Elle : Elle vient d’où cette voix ?
Lui : C’est cela qui vous inquiète....Depuis que je suis tout petit, depuis qu’on m’a donné des calmants pour dormir à cause d’une rage de dents, j’ai entendu cette voix, puis des voix puis il y en a encore eu d’autres et puis il y a eu cette voix qui m’a aidé à écrire.
Elle : Une voix vous a aider à écrire ?
Lui : J’ai écrit, écrit exactement 148 romans et nouvelles en trois ans. Les voix me dictent des livres, des millions de mots qui forment un livre immense et elles n’arrêtent pas. Depuis trois jours, elles parlent différemment, elles me parlent comme si je devais être là à un moment, attendre un évènement majeur, d’ailleurs je m’entends écrire.

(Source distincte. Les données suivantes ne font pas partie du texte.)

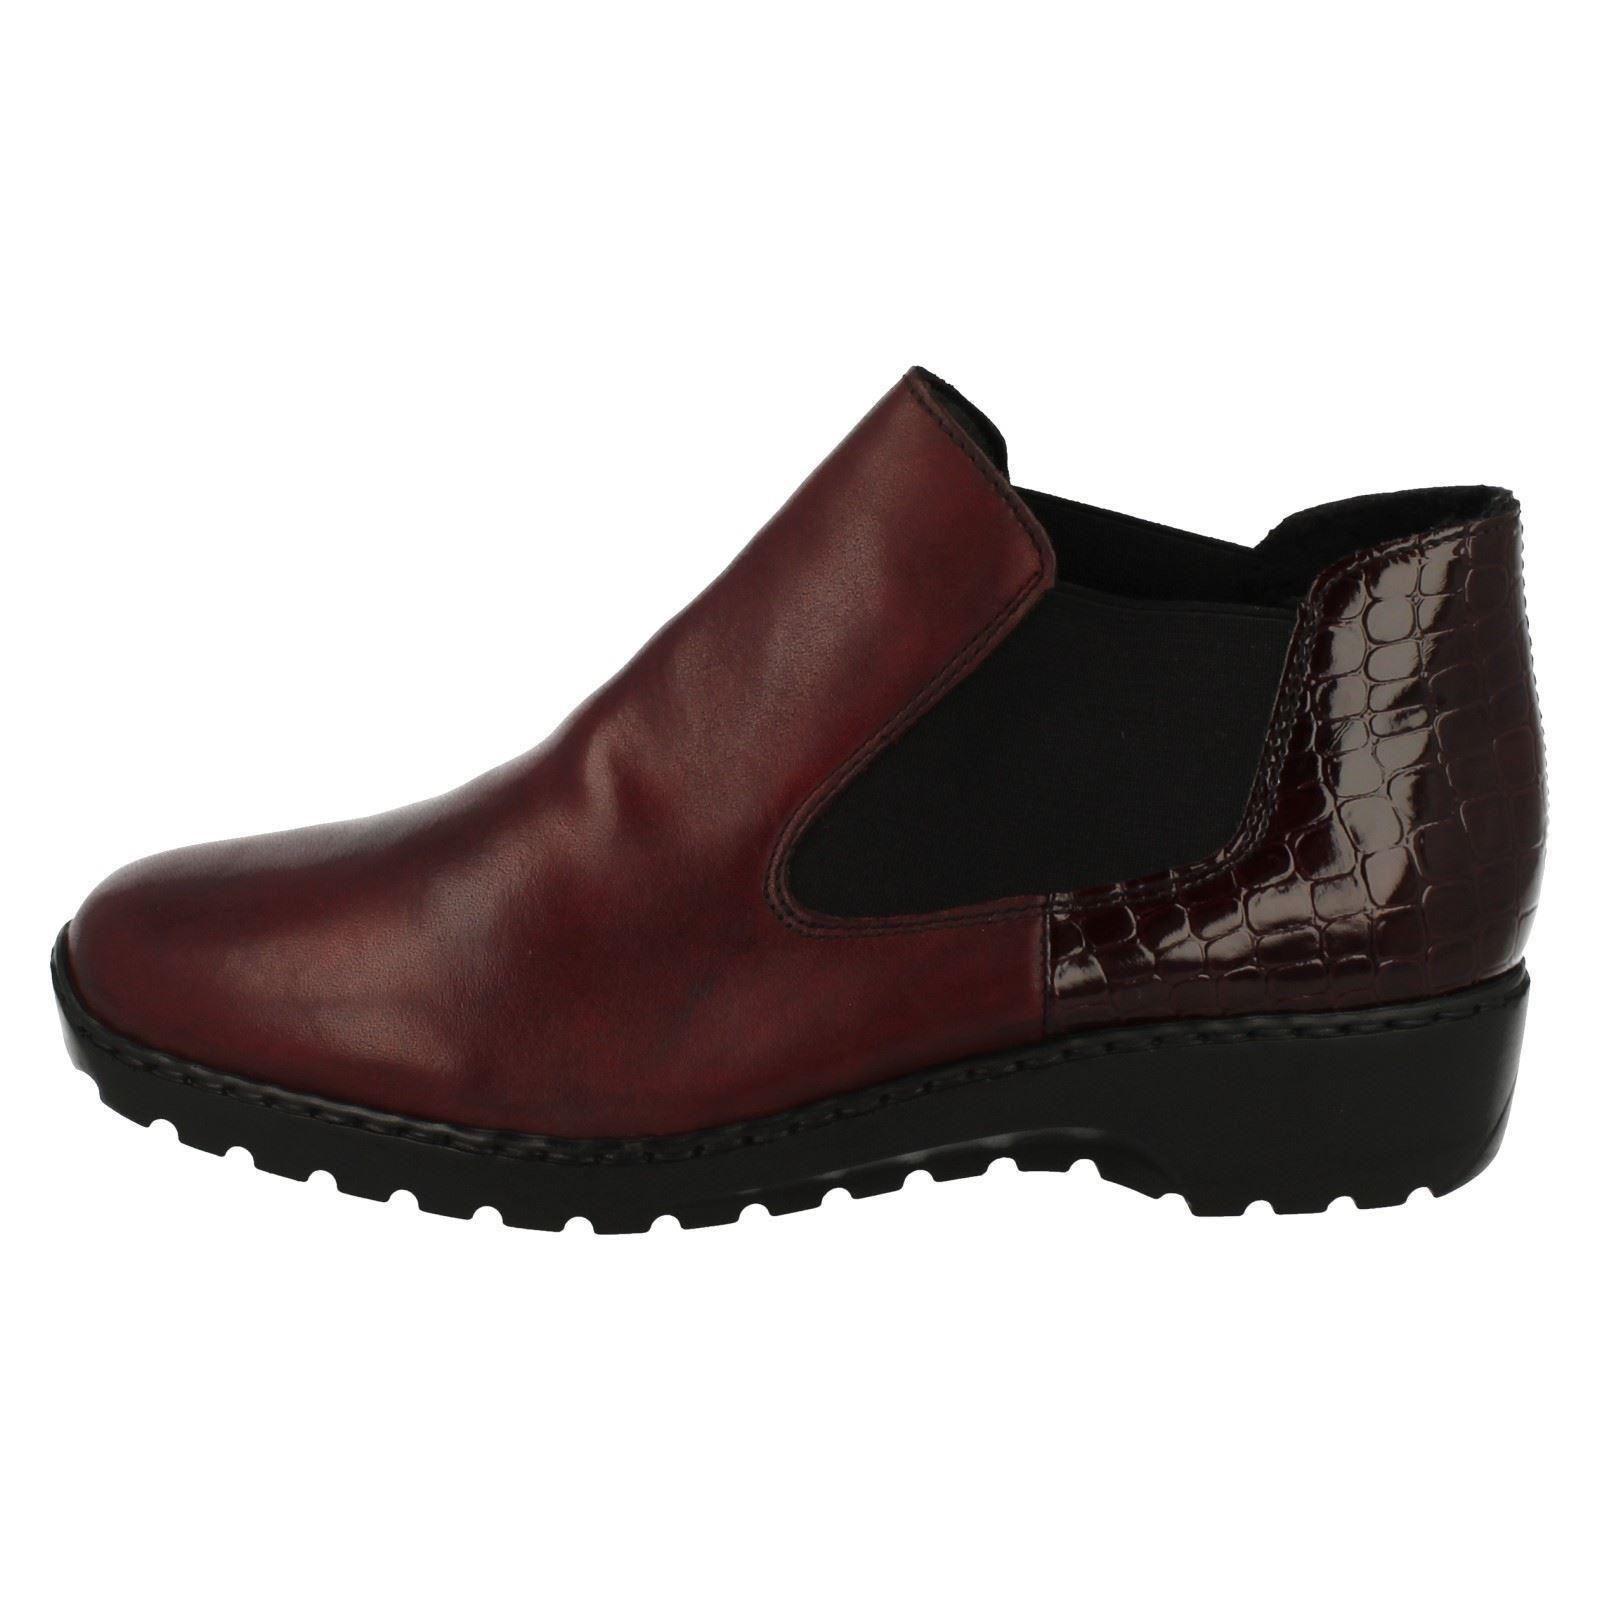 Ladies Rieker Ankle Boots L6090

Elle : Et vous y ferez quoi lors de cet évènement majeur ? Vous allez inciter la réunion, inviter les 13 femmes ? Vous allez faire quoi ?

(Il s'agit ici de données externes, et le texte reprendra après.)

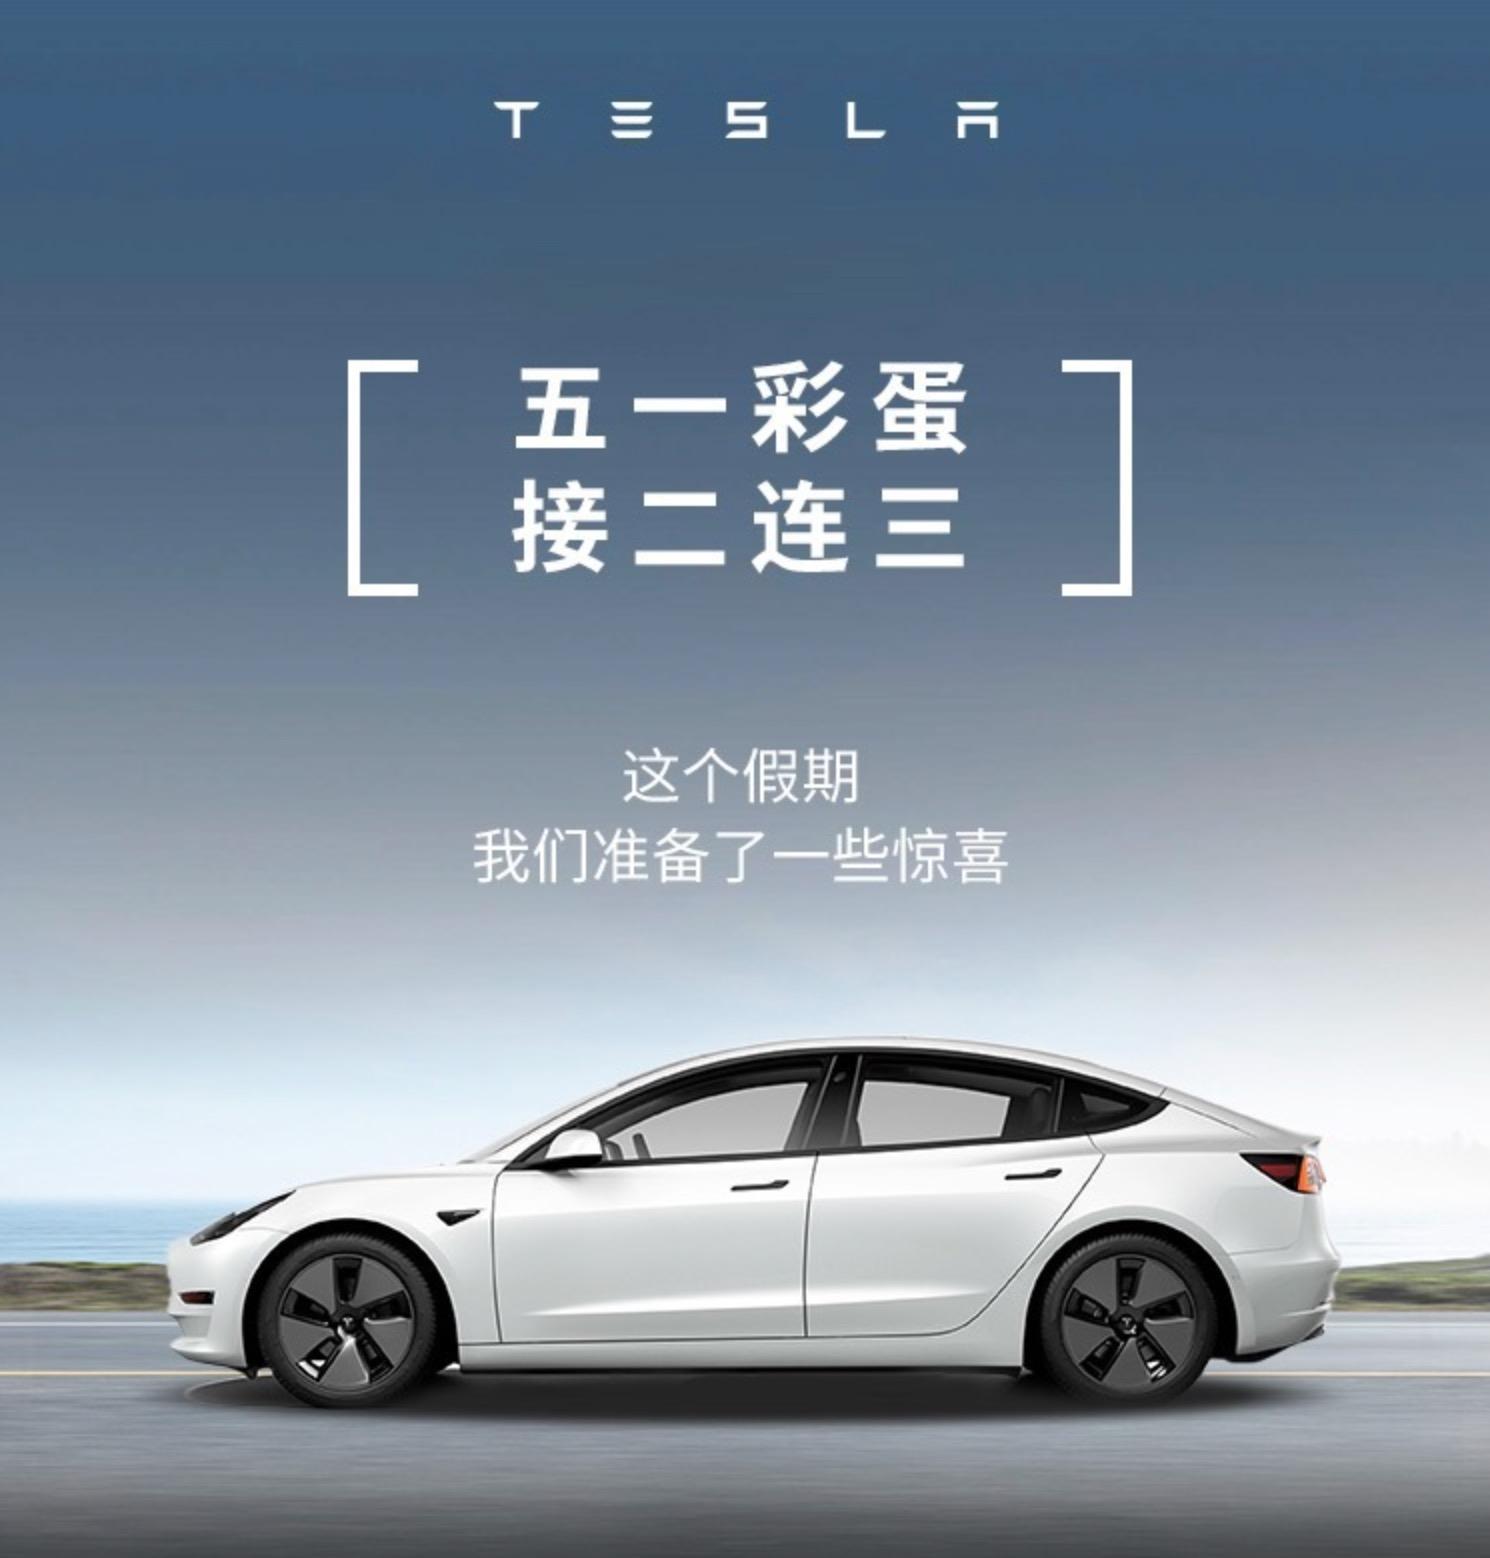 Tesla запускает бонусы ко Дню труда в Китае с пробной версией EAP, скидками на фильтры HEPA и многим другим

Lui : Je vais aider certaines à venir et puis je vais regarder, apprendre et décrire.
Elle : Décrire ?
Lui : Oui, décrire la scène, et écrire ce merveilleux moment.
Elle : Oui je vois.....
Elle se remet à écrire .
Elle : Vous savez pourquoi vous êtes dans cette établissement?

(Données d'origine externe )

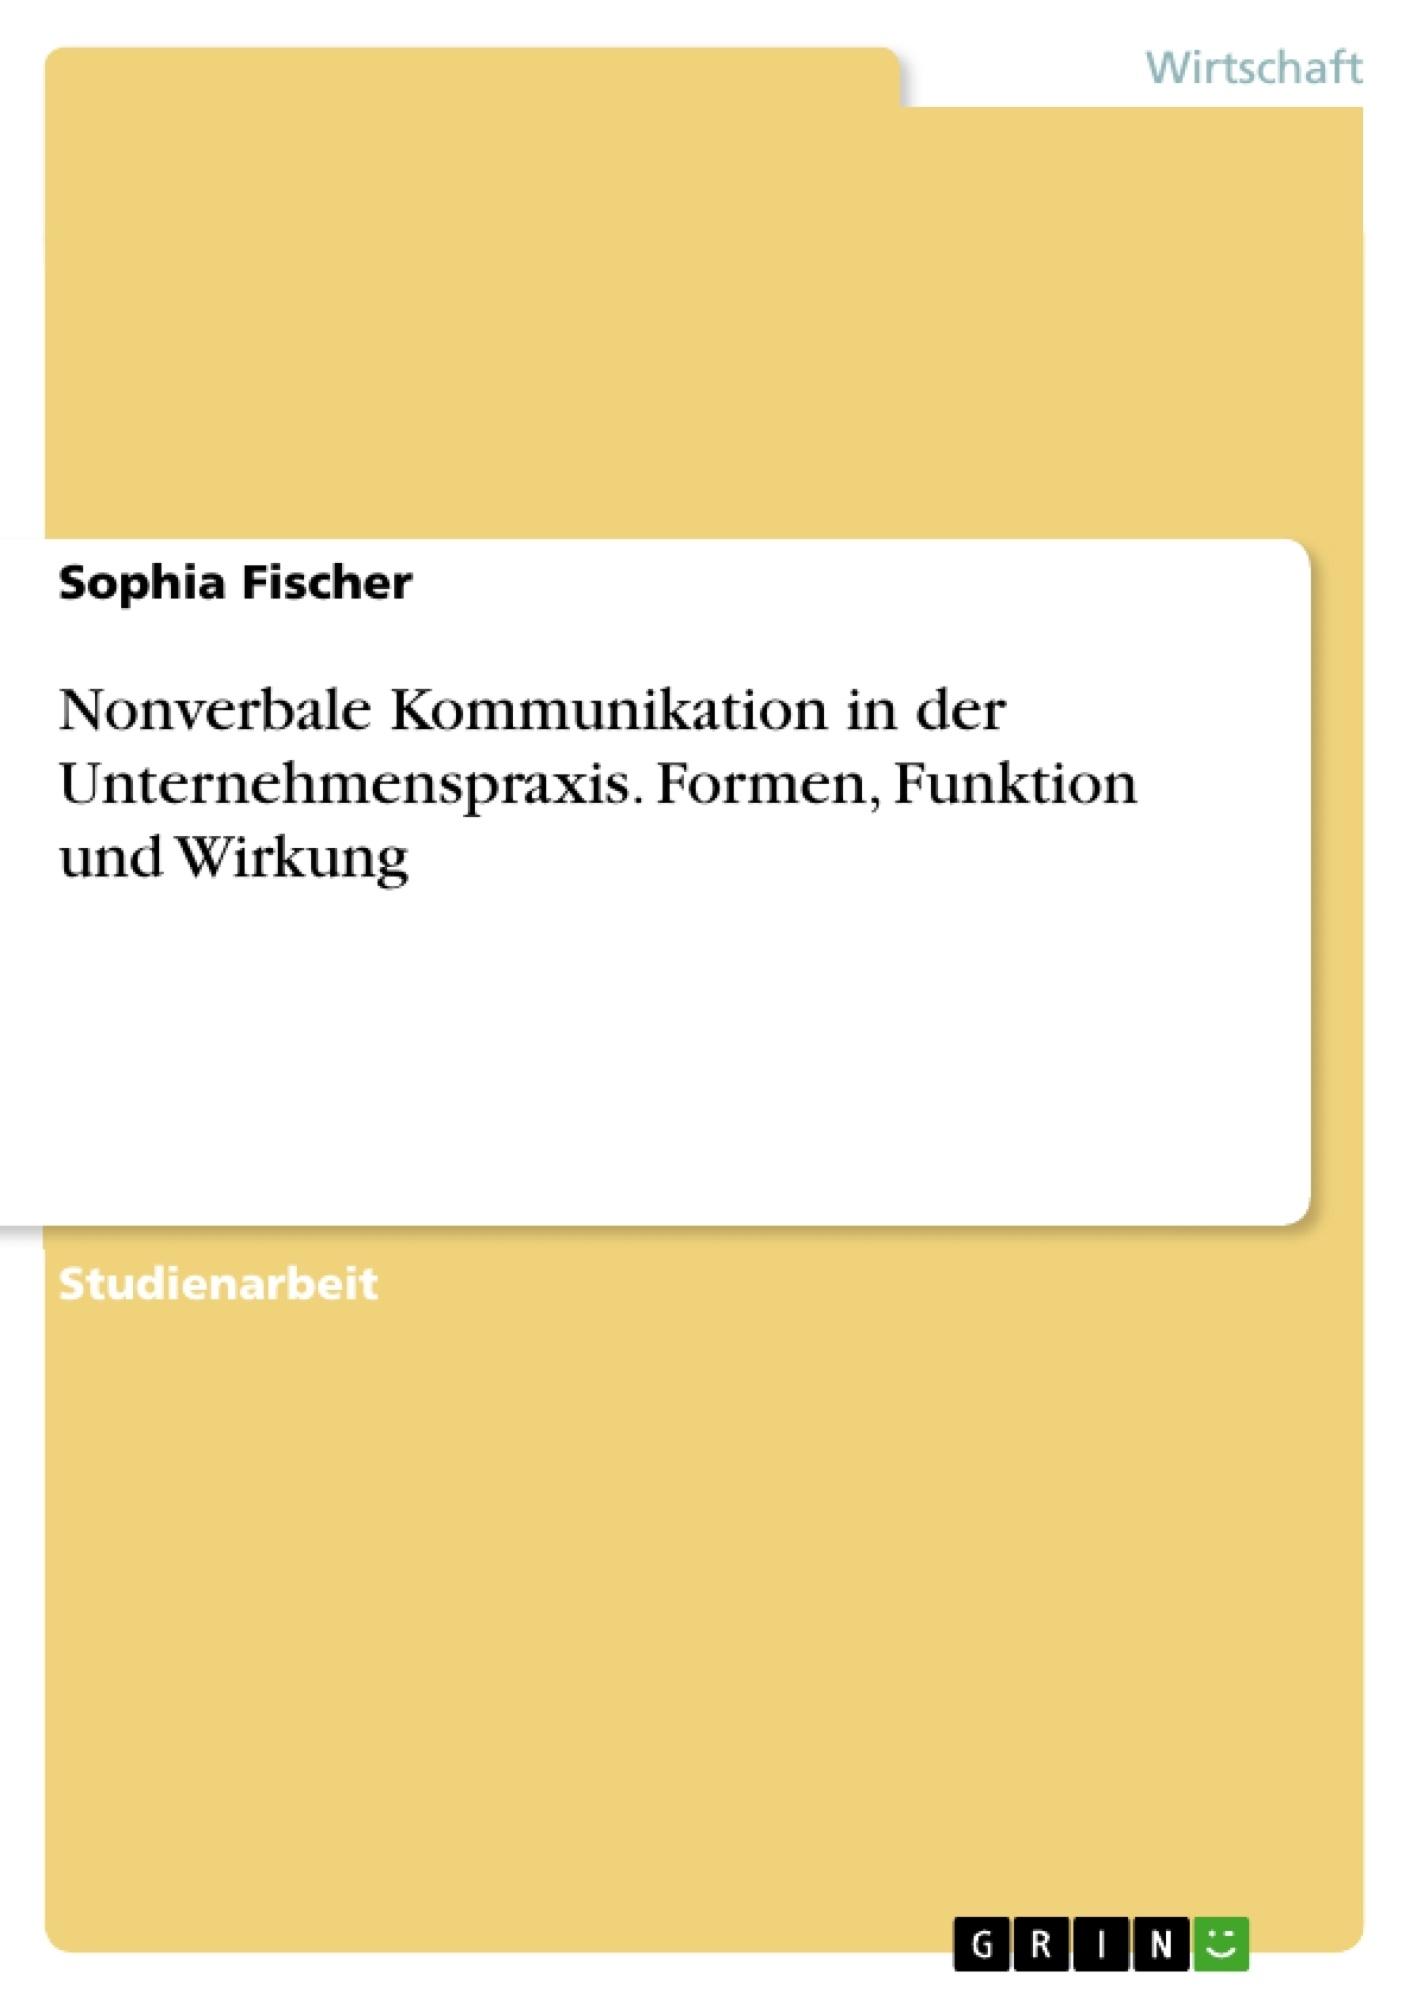 Titel: Nonverbale Kommunikation in der Unternehmenspraxis. Formen, Funktion und Wirkung

Lui : Oui, je crois. La police est venue me chercher et elle m’a trouvé relié à mon ordinateur. Ils ont eu peur quand j’ai fait ma descente d’acide. J’étais déjà fiché, j’ai fait plusieurs séjour en asile psychiatrique il était logique que je me retrouve en face de vous et que je consulte un psy comme dans chaque cas de dégrisement.
Elle : Que faisiez-vous connecté à votre ordinateur?
Lui : Il me permet de créer.
Elle : Créer quoi?
Lui : Je suis persuadé que les liens hypertextes nous donnent l’occasion de créer le roman du futur, celui où s’enchevêtreront les pensées de tous les personnages, laissant au lecteur le choix de choisir celui qui lui correspond le plus, et pourquoi pas, celui de pouvoir connaître une histoire telle qu’elle est dans la réalité...
Elle : Telle qu’elle est dans la réalité ?
Lui : Oui, on ne sait pas tout dans la réalité, mais si dans un livre vous donnez toutes les cartes à votre lecteur, il peut suivre l’auteur linéairement ou alors passer d’un esprit à l’autre.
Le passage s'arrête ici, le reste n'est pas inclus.